He is projected to be the consensus number one pick in NFL Draft. He is also thought to be the one "sure-thing" quarterback of the 2021 NFL Draft. Even so, last year, I was not overly impressed with Trevor Lawrence, and that opinion carried over to the 2020 college season. However, I had not watched him play this year, that is, before the end of November 2020. So, with everyone still hyping him up as the next great NFL QB, I went into my "lab" and studied Trevor Lawrence. I watched the Miami and Virginia games against Clemson, in their entirety and with a particular focus on Lawrence's skills. This is what I determined.
Trevor Lawrence is not the lock many people think he is. How did I come to this conclusion when all of the great NFL analysts and scouts seem to predict the opposite? Here is my reasoning.
Trevor Lawrence's main attribute is his mobility and running ability. He's an excellent zone-read runner who likes to take on defensive players occasionally. However, if he does that in the NFL, his career will be noticeably short. Clemson tends to throw many short passes, running back screens, swing passes to running backs and wide receiver screens. Travis Etienne, Clemson's versatile star running back, is the straw that stirs their offense. They use Etienne a lot in the passing game. In fact, Etienne was 2nd on the team in receptions and receiving yards at the time of my "lab work." I was surprised because this resulted in a good amount of Trevor's passes being relatively short. Etienne does the rest.
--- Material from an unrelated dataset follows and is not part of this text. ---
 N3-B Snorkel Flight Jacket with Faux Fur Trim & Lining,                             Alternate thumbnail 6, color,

Lawrence's mechanics are good, but he is still not as accurate, nor does he have the ball placement of University of Florida's Kyle Trask or Alabama's Mac Jones. Additionally, he is sometimes a little erratic when under pressure and on the run, in contrast with last year's superstar college QB, Joe Burrow, who excelled in this area. Lawrence will throw a great clear out go route or deep-crossing route and then miss on easier or similar passes. His accuracy is not consistent, and he doesn't throw the variety of passes that, let's say, a Kyle Trask throws.
Trevor doesn't "seem" to do many pre-snap-reads. When he goes through progressions, it is swift. A little too fast for my liking because it raises the question, is he really going through his progressions. If he goes through his progressions at this speed because he is reading the defense, that's a huge plus and will probably lead to him being an outstanding NFL QB. My "guess" is that he knows who he wants to throw to and does not read the defense. However, it's hard to determine what he's doing without further study and interviewing him.
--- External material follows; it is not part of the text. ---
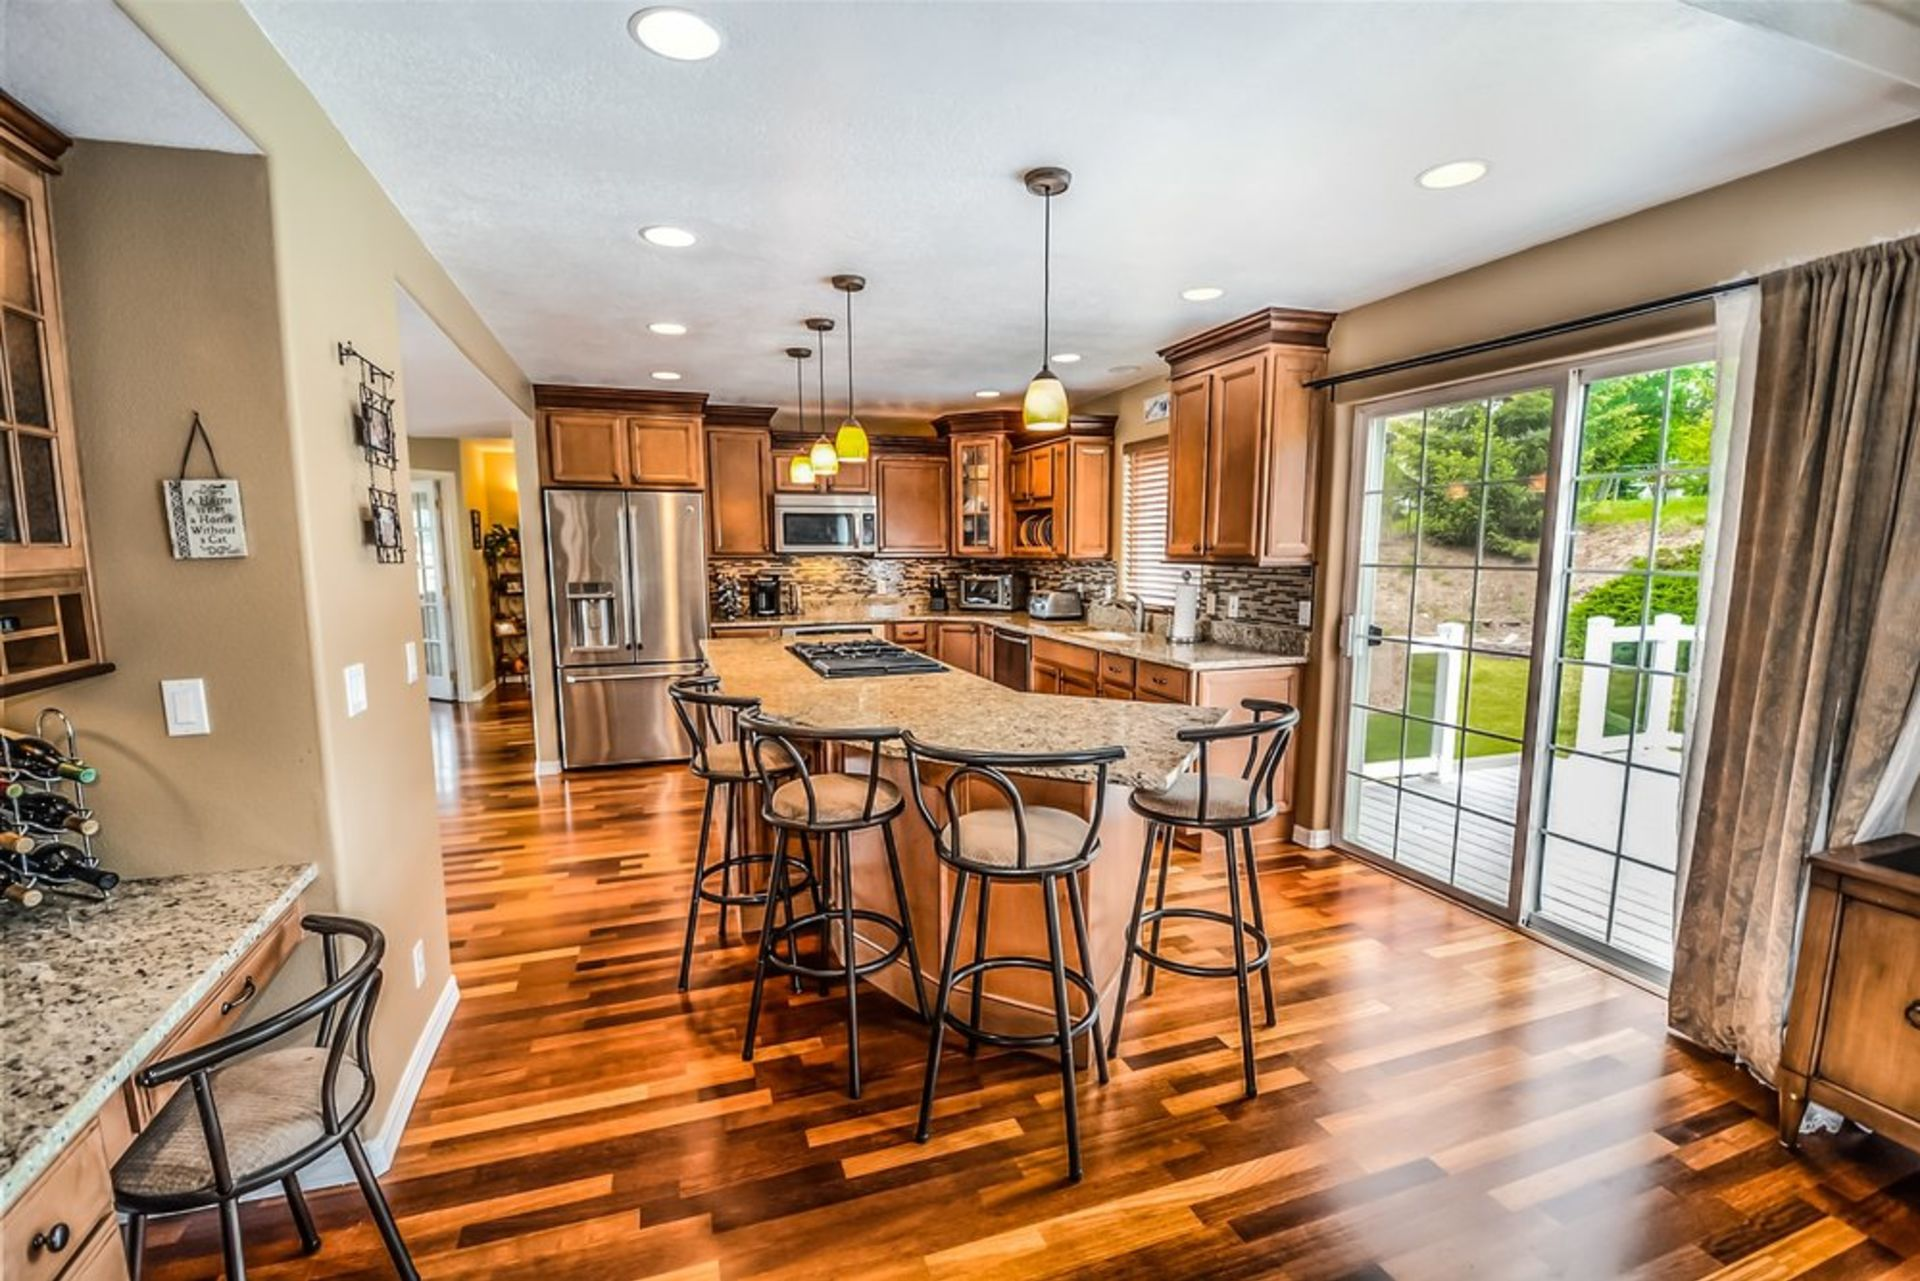 10 Homes Chores To Do Annually

Anyway, all of these observations suggest to me that Trevor Lawrence is not the lock to be the next "sure-fire" great NFL quarterback. There is nothing he does exceptionally well. In some ways, Trevor Lawrence is a lesser version of the Houston Texan's Deshaun Watson. Now, let's be clear about this, Lawrence is not in the class as last year's Heisman Trophy winner Joe Burrow when it comes to quarterbacking instincts. Lawrence probably has a stronger arm than Burrow, but Burrow is off the charts in every other quarterbacking metric. So, whoever drafts Trevor Lawrence is by no means getting a "sure thing."